Build MLflow Recipe to create a pipeline to ingest, split and transform data, and train, tune, evaluate a regression model to predict the **fare_amount** of a trip with a _yellow taxi_ in NYC.

### Constraints

* Focus is on integrating Ray and MLflow Recipes
* Model predicts *fare_amount* given passenger_count, trip_distance, rate_code_id and payment_type only
* Feature engineering is kept to a minimum

### Results

* [x] Ingest data
* [x] Split data (without using Ray)
* [x] Transform data
* [x] Train model
* ~~[ ] Tune model~~
* [ ] Evaluate model
* [ ] Register model
* [ ] Generate predictions

### General observations

* Ray is a super powerful framework and I only scratched the surface of its functionality
* MLflow recipes are rather limited
    - forces a strict layout of files on the project
    - no possibility to add custom steps
    - it's unclear how to pass arguments to custom functions
* Documentation of MLflow recipes is awful
    - One essentially has to read the source code to understand what's going on
    - It's unclear how data flows between steps: Are they passed as DataFrames in memory?
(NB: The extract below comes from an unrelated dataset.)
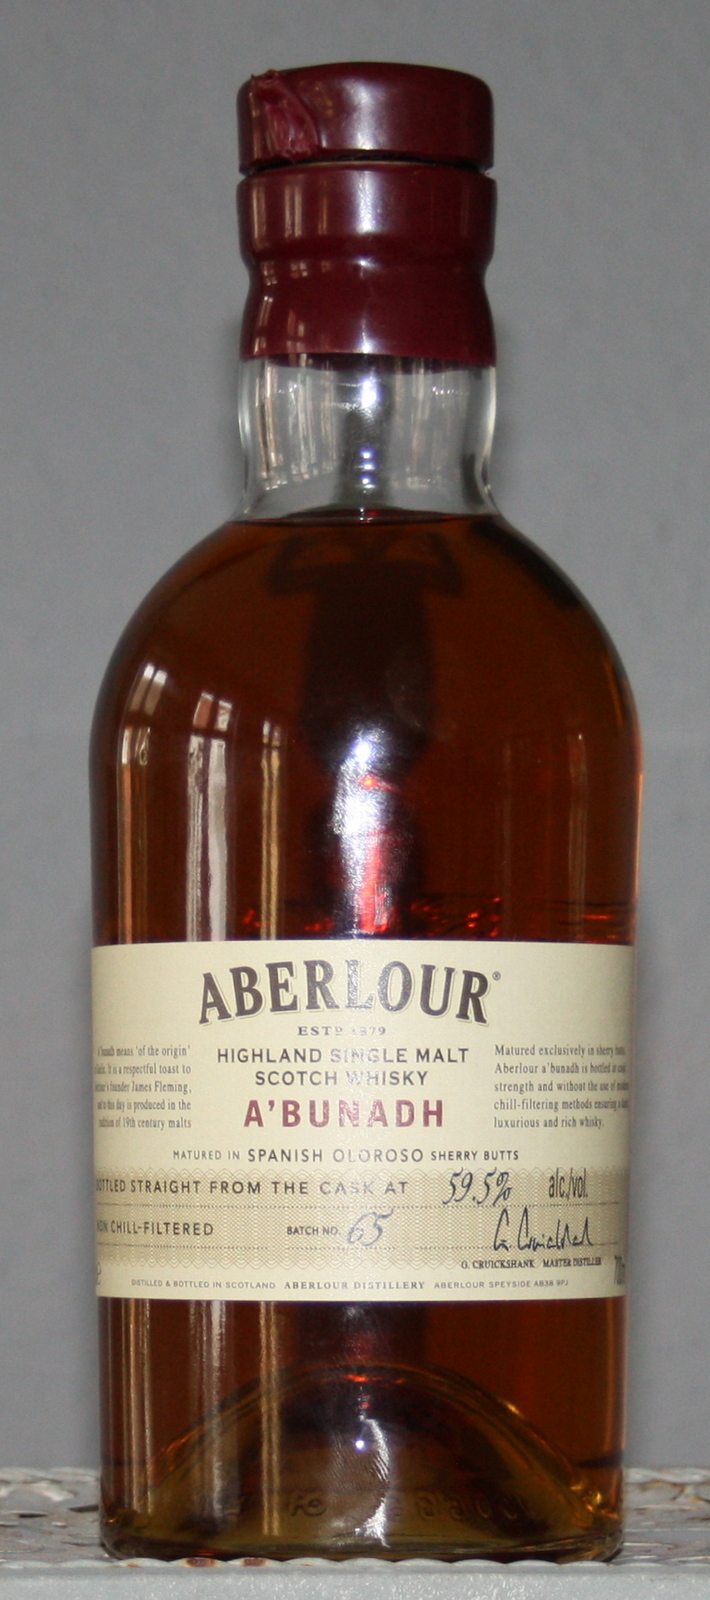 Aberlour

Are they automatically loaded from disk?
* MLflow Recipe examples could be more detailed
* Data dictionary of NYC Taxi dataset is outdated

### Key insights

* Ray is great, use it with a general purpose orchestrator


[1]: https://mlflow.org/docs/latest/recipes.html
[2]: https://docs.ray.io/en/latest/

## Setup

In [None]:
from mlflow.recipes import Recipe

## Orchestrate

Let's start cooking!

In [None]:
recipe = Recipe(profile="local")

In [None]:
recipe.clean()

### Ingest data

* Data was compressed using zip which (apparently) is not natively supported by Ray (it's an odd choice for a compression algorithm anyway)
* Need to semi-automatically unzip archives

In [None]:
recipe.run(step="ingest")

### Split data into train, validation and test

* Splitting data using Ray built-in functions (`train_test_split`) does not work, since Recipes expect a _single_ pandas Series as output
* Similarly defining a custom filter function using Ray is painful, since Recipes expects a boolean series to index into the dataset

In [None]:
recipe.run(step="split")

### Transform data

* Recipes demand that custom transform functions return a Scikit-learn like transformer (w.r.t function signatures), which make it tedious to implement non-sklearn logic (the last time I wrote custom transformers was in 7 years ago)
* Transformation on target column have to be done elsewhere, i.e. in _split_ step, since target column in intransparenlty dropped from DataFrames by Recipes

In [None]:
recipe.run(step="transform")

### Train model

* As with the transform step, the custom training function has to be compatible with Scikit-learn estimator, which makes its implementation tedious
* Installing lightgbm via `poetry add ray[lightgbm]` is not enough to actually use LightGBM, one also needs to install the pure lightgbm package via `poetry add lightgbm`

In [None]:
recipe.run(step="train")

### Tune model

In [None]:
recipe.run(step="tune")

### Evaluate model

In [None]:
recipe.run(step="evaluate")

### Register model

In [None]:
recipe.run(step="register")

### Generate predictions

In [None]:
recipe.run(step="predict")